I did expand the comment to explain what the loop is doing more clearly.

nridge updated this revision to Diff 228959.Nov 12 2019, 2:15 PM

Add unit tests

nridge retitled this revision from [WIP] [clangd] Add support for an inactive regions notification to [clangd] Inactive regions support as an extension to semantic highlighting.Nov 12 2019, 2:16 PM
nridge updated this revision to Diff 228960.Nov 12 2019, 2:18 PM
nridge marked 11 inline comments as done.

Address one minor remaining comment

clang-tools-extra/clangd/SemanticHighlighting.cpp
194

Your observation is correct: the current implementation only highlights inactive lines after the preamble. For now, I added a test case with a FIXME for this.

Harbormaster completed remote builds in B40844: Diff 228960.
hokein added inline comments.Nov 15 2019, 2:08 AM
clang-tools-extra/clangd/ParsedAST.h
100 ↗(On Diff #223577)

This comment is undone.

clang-tools-extra/clangd/SemanticHighlighting.cpp
194

I'd prefer to fix it in this patch, it should not require large effort, and probably simplify the patch, you don't need to implement a new PPCallbacks. See my another comment.

nridge marked an inline comment as done.Nov 16 2019, 6:30 PM
nridge added inline comments.
clang-tools-extra/clangd/ParsedAST.h
100 ↗(On Diff #223577)

My apologies, I overlooked this.

nridge updated this revision to Diff 229707.Nov 16 2019, 6:30 PM

Support preamble as well

nridge marked 2 inline comments as done.Nov 16 2019, 6:31 PM

thanks, mostly good, a few more nits.

clang-tools-extra/clangd/ParsedAST.h
134 ↗(On Diff #229707)

nit: it is not used anymore, remove it.

clang-tools-extra/clangd/Protocol.h
1212

could you document that the line-style highlightings can be combined with any token-style highlightings?

clang-tools-extra/clangd/SemanticHighlighting.cpp
426

thanks, I see.

I think we can still simplify the code like below, this could improve the code readability, and avoid the comment explaining it.

llvm::erase_if(AddedLine.Tokens, [](const Token& T) { return T.Kind == InactiveCode;});
nridge updated this revision to Diff 230195.Nov 19 2019, 9:44 PM
nridge marked 4 inline comments as done.

Address nits

clang-tools-extra/clangd/SemanticHighlighting.cpp
426

Done. Note that we still need to set AddedLine.IsInactive appropriately.

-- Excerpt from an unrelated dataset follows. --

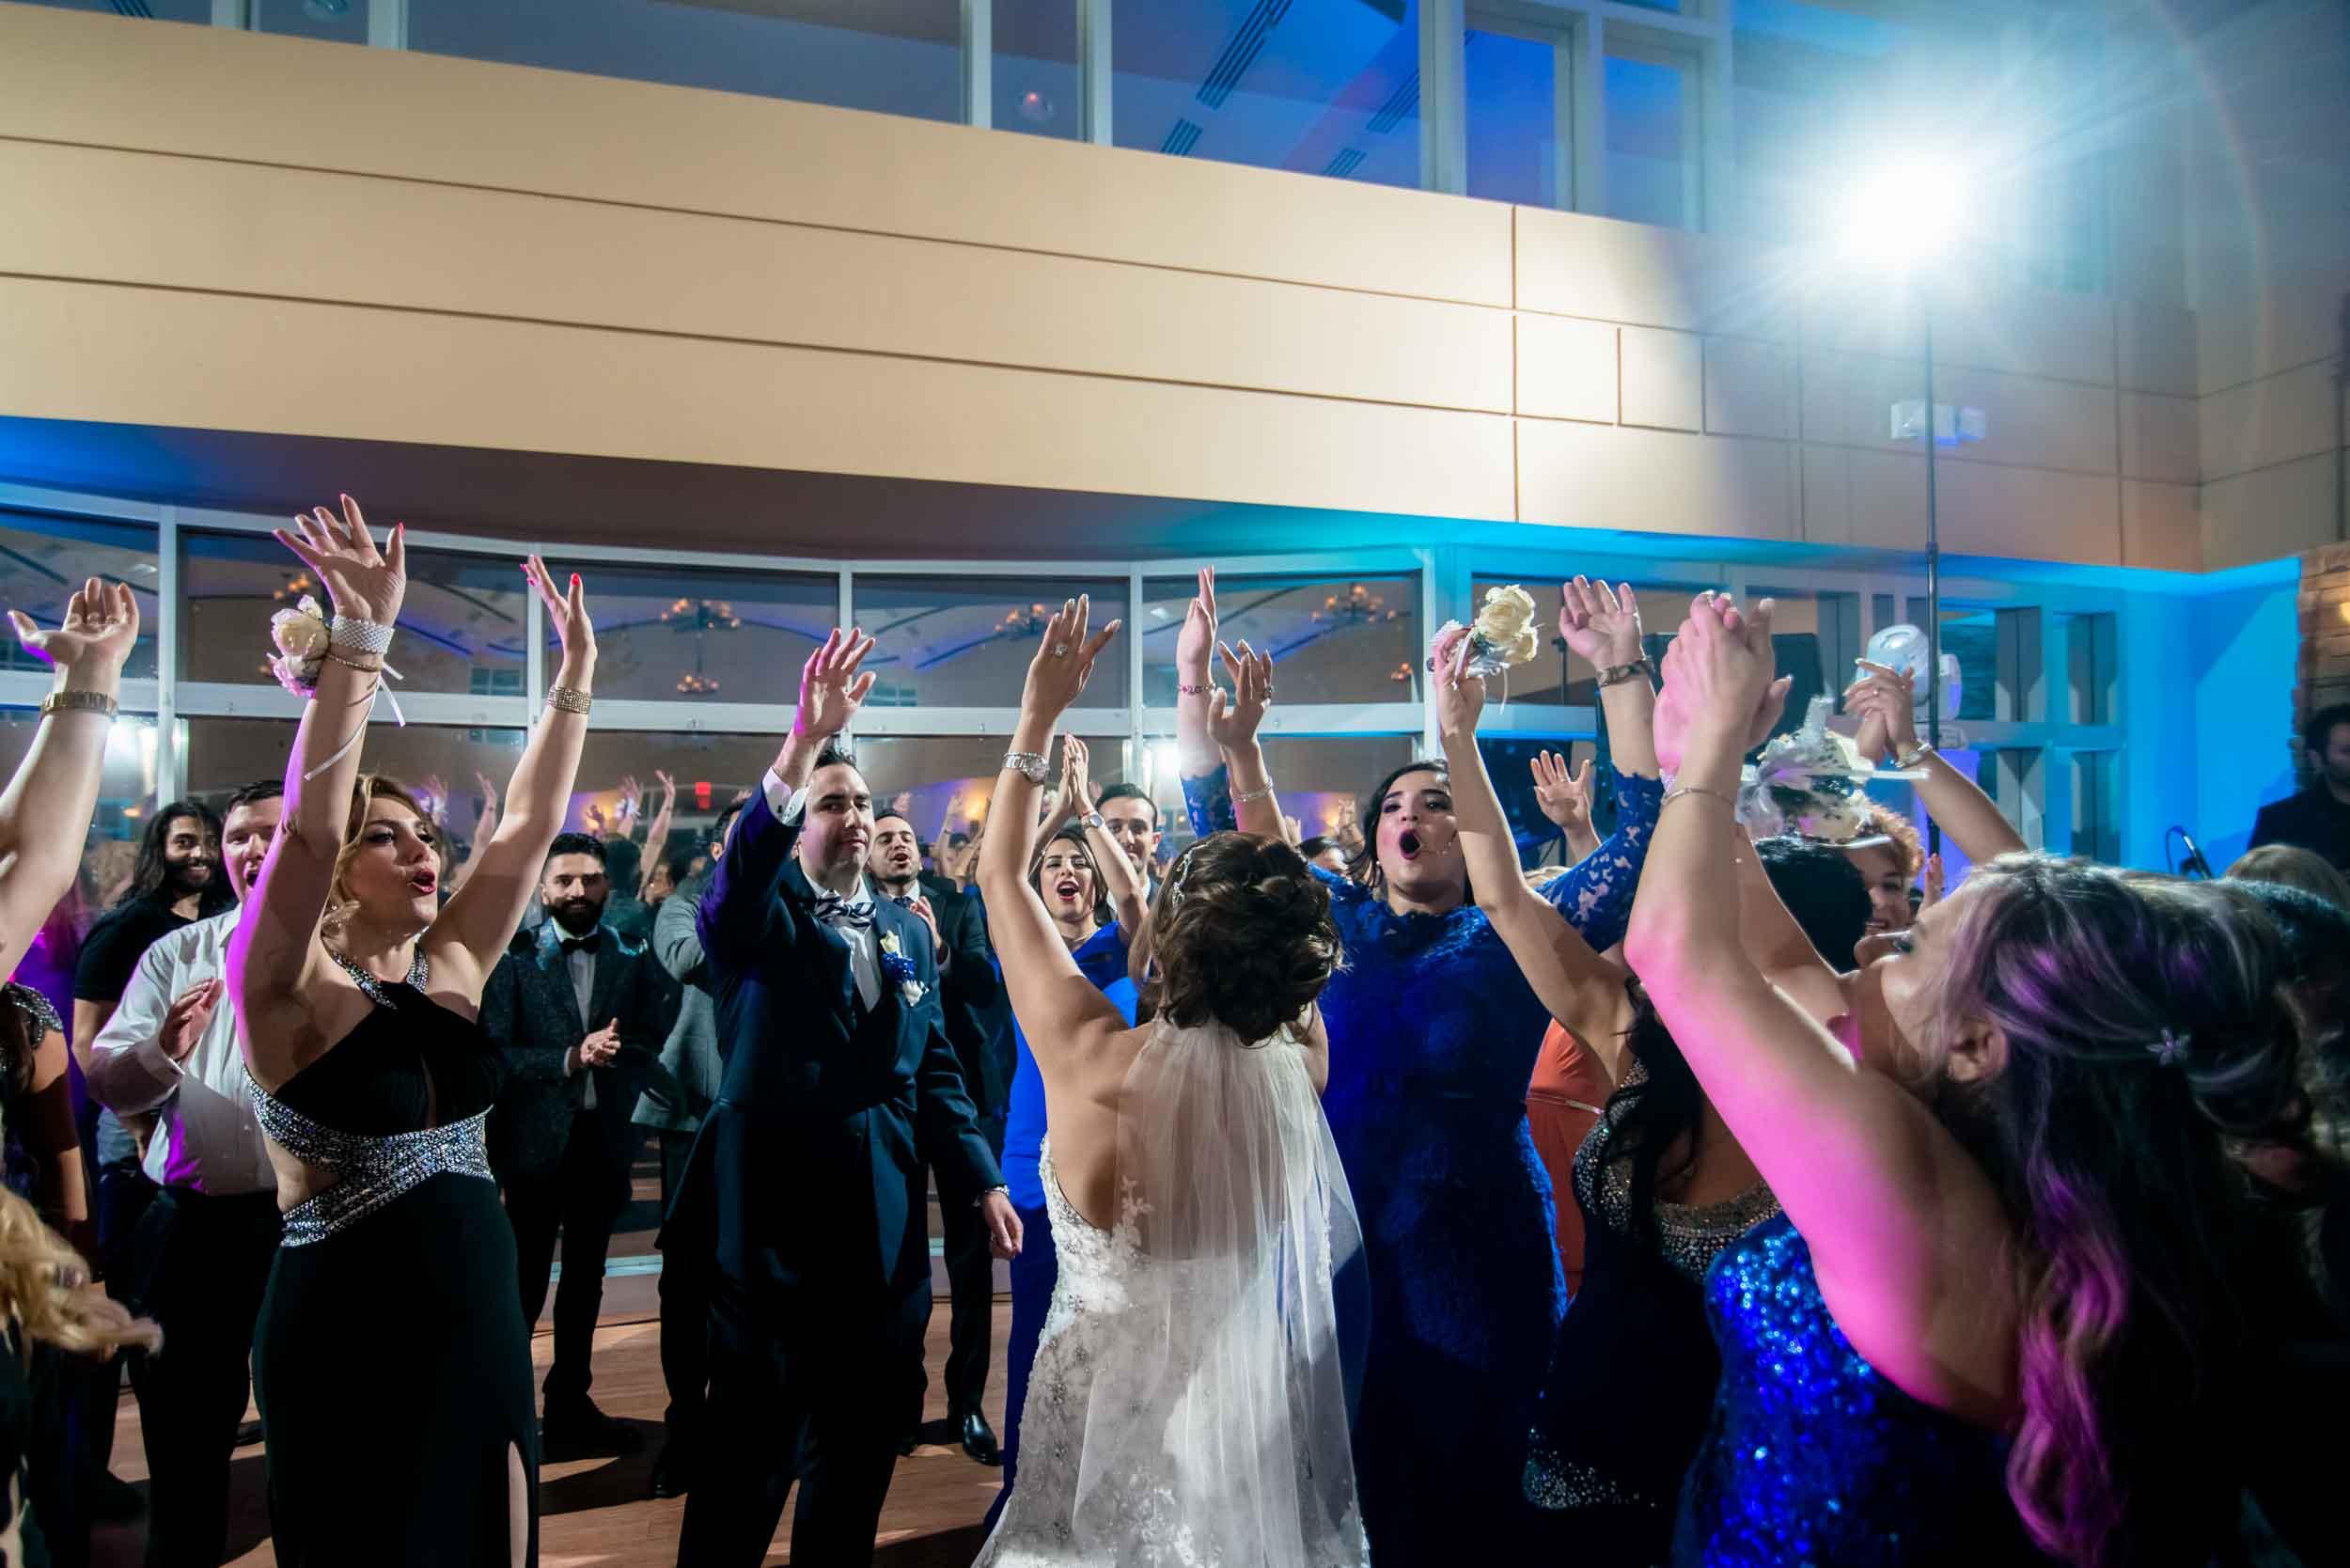 dc+metro+wedding+photographer+vadym+guliuk+photography+wedding+reception-2027.jpg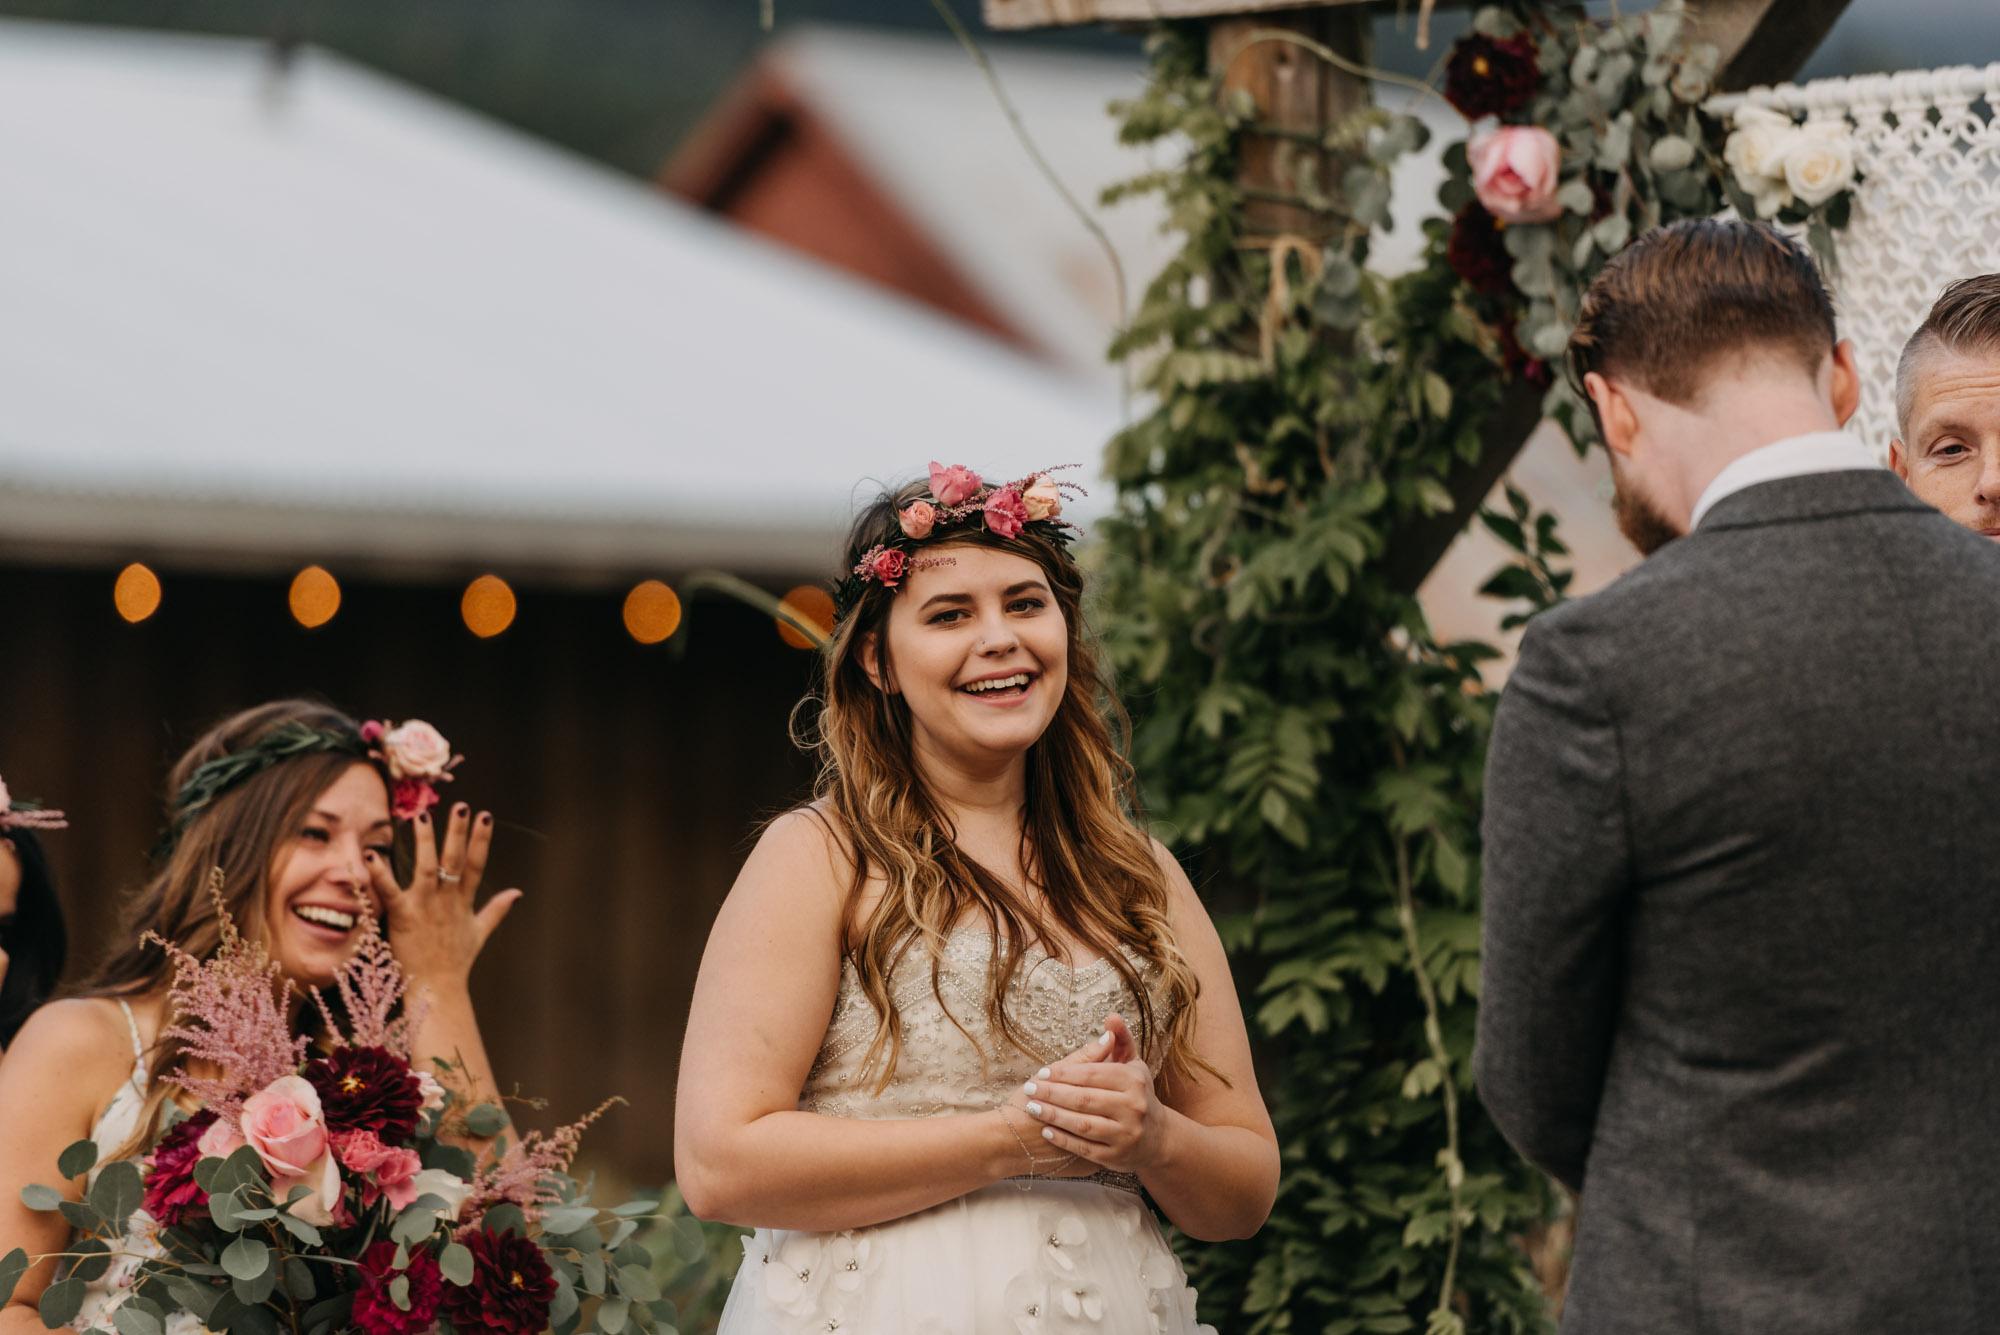 Outdoor-Summer-Ceremony-Washington-Wedding-Rainbow-9092.jpg

I did that in the lambda, which feels like a strange thing for an erase_if predicate to do. The alternative would be doing a count_if first (but then we're looping over the tokens twice).

hokein accepted this revision.Nov 20 2019, 12:50 AM

looks good, thanks!

This revision is now accepted and ready to land.Nov 20 2019, 12:50 AM
This revision was automatically updated to reflect the committed changes.